Briefly, the brain works not only to predict the next word, but as if several processes of different “resolutions” are launched. The temporal cortex (lower level) predicts short-term and local elements (sounds, words). The frontal and parietal cortex (higher level) predicts long-term and global language structures. Semantic predictions (meaning of words and phrases) cover longer time intervals (≈8 words ahead). Syntactic predictions (grammatical structure) have a shorter time horizon (≈5 words ahead).

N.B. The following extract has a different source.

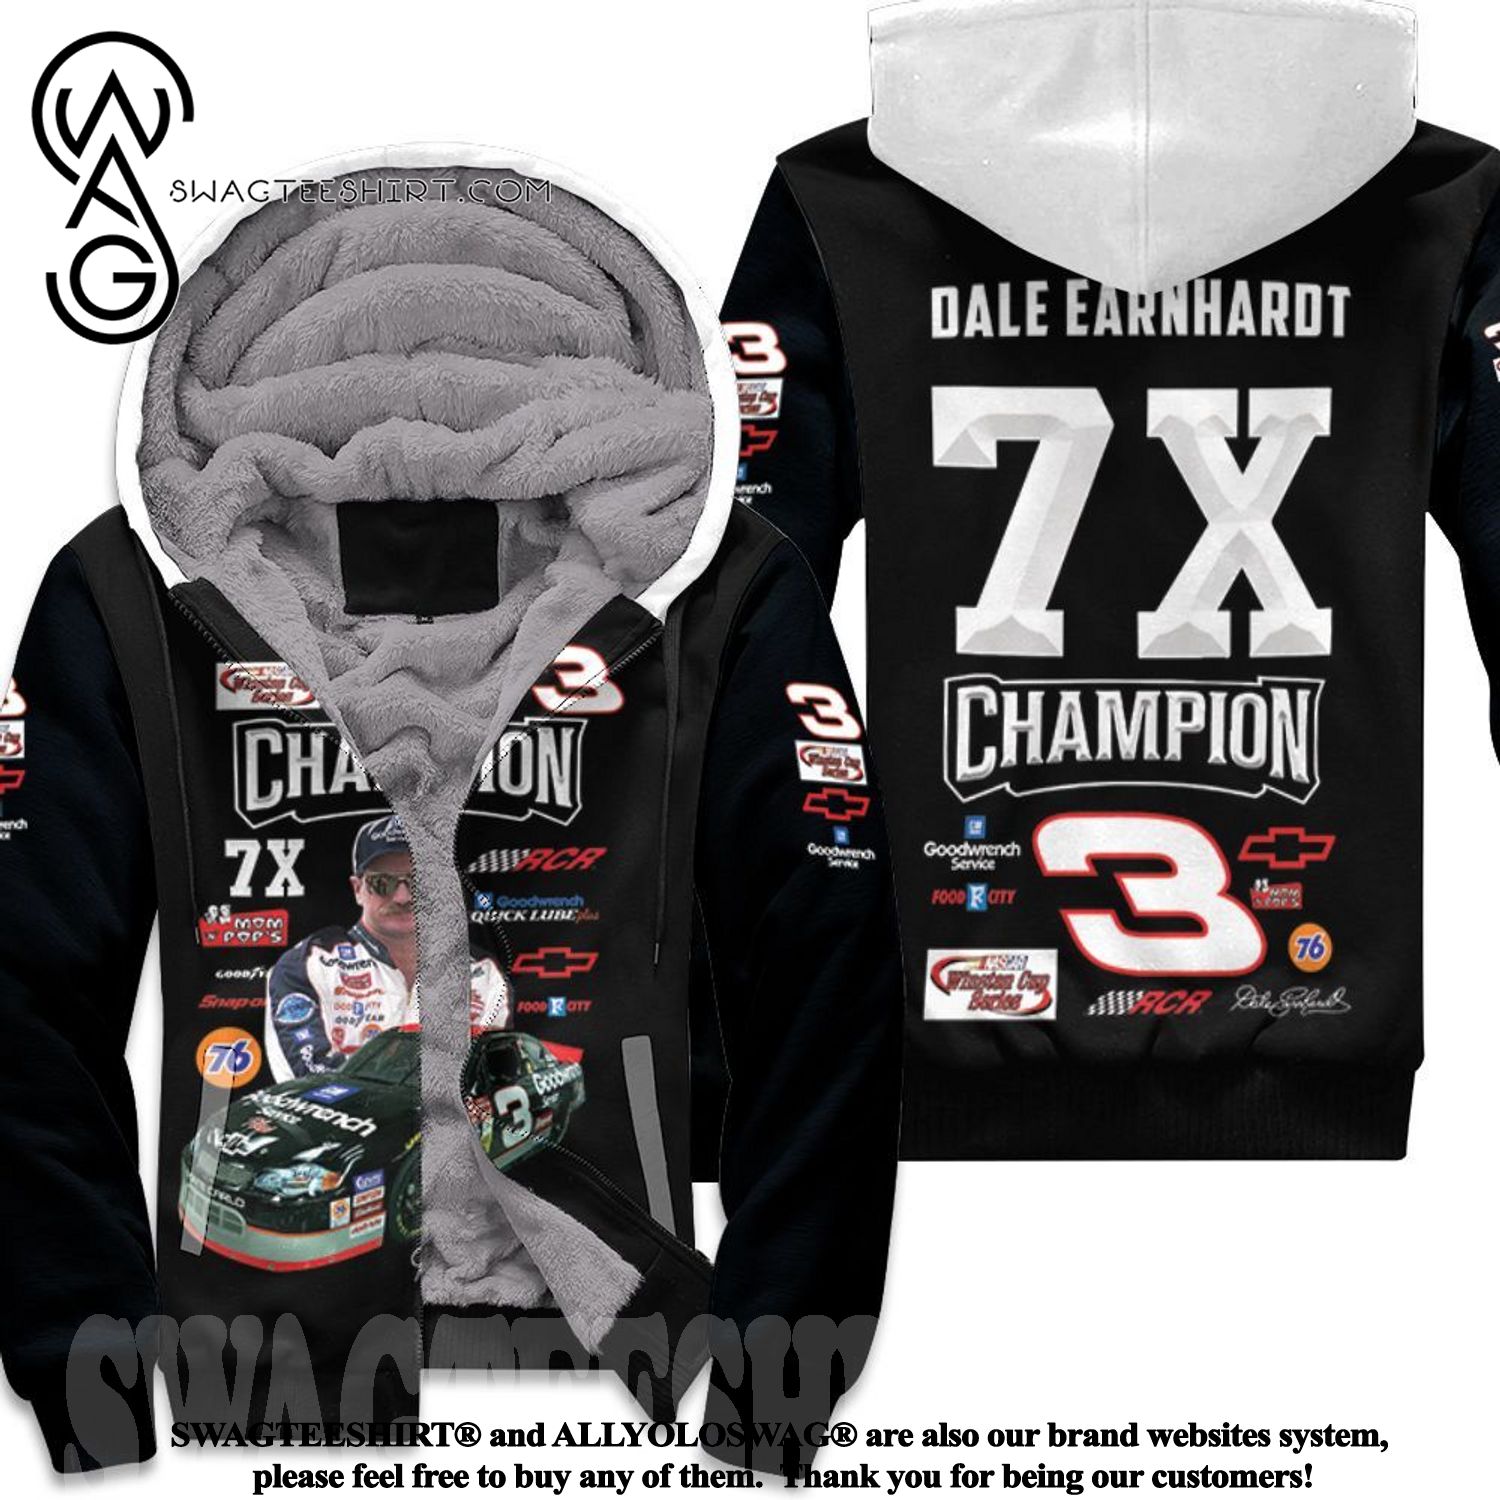 Dale Earnhardt Champion 7x Chevrolet Racing Car Signed Hot Version All Over Printed Fleece Hoodie

If you try to transfer this concept to the architecture of language models (LLM), you can improve their performance through a hierarchical predictive system. Currently, models like GPT operate with a fixed contextual window—they analyze a limited number of previous words and predict the next, not exceeding these boundaries. However, in the brain, predictions work at different levels: locally—at the level of words and sentences, and globally—at the level of entire semantic blocks.
One of the possible ways to improve LLMs is to add a mechanism that simultaneously works with different time horizons.
Interestingly, can you set up LLM so that some layers specialize in short language dependencies (e.g., adjacent words), and others—in longer structures (e.g., the semantic content of a paragraph)? I google it, and there’s something similar in the topic of “hierarchical transformers”, where layers interact with each other at different levels of abstraction, but still, it’s more for processing super-long documents.
As I understand it, the problem is that for such, you need to train fundamental models from scratch, and probably, this does not work well on unlabelled or poorly labelled content.
Another option is to use multitask learning, so that the model not only predicts the next word, but also tries to guess what the nearest sentence or even the whole paragraph will be about. Again, google search shows that this can be implemented, for example, through the division of attention heads in the transformer, where some parts of the model analyze short language dependencies, and others predict longer-term semantic connections. But as soon as I dive into this topic, my brain explodes. It’s all really complex.
But perhaps, if it’s possible to integrate such a multilevel prediction system into LLMs, they could better understand the context and generate more meaningful and consistent texts, getting closer to how the human brain works.
I’ll be at a conference on the subject in March; will need to talk with the scientists then.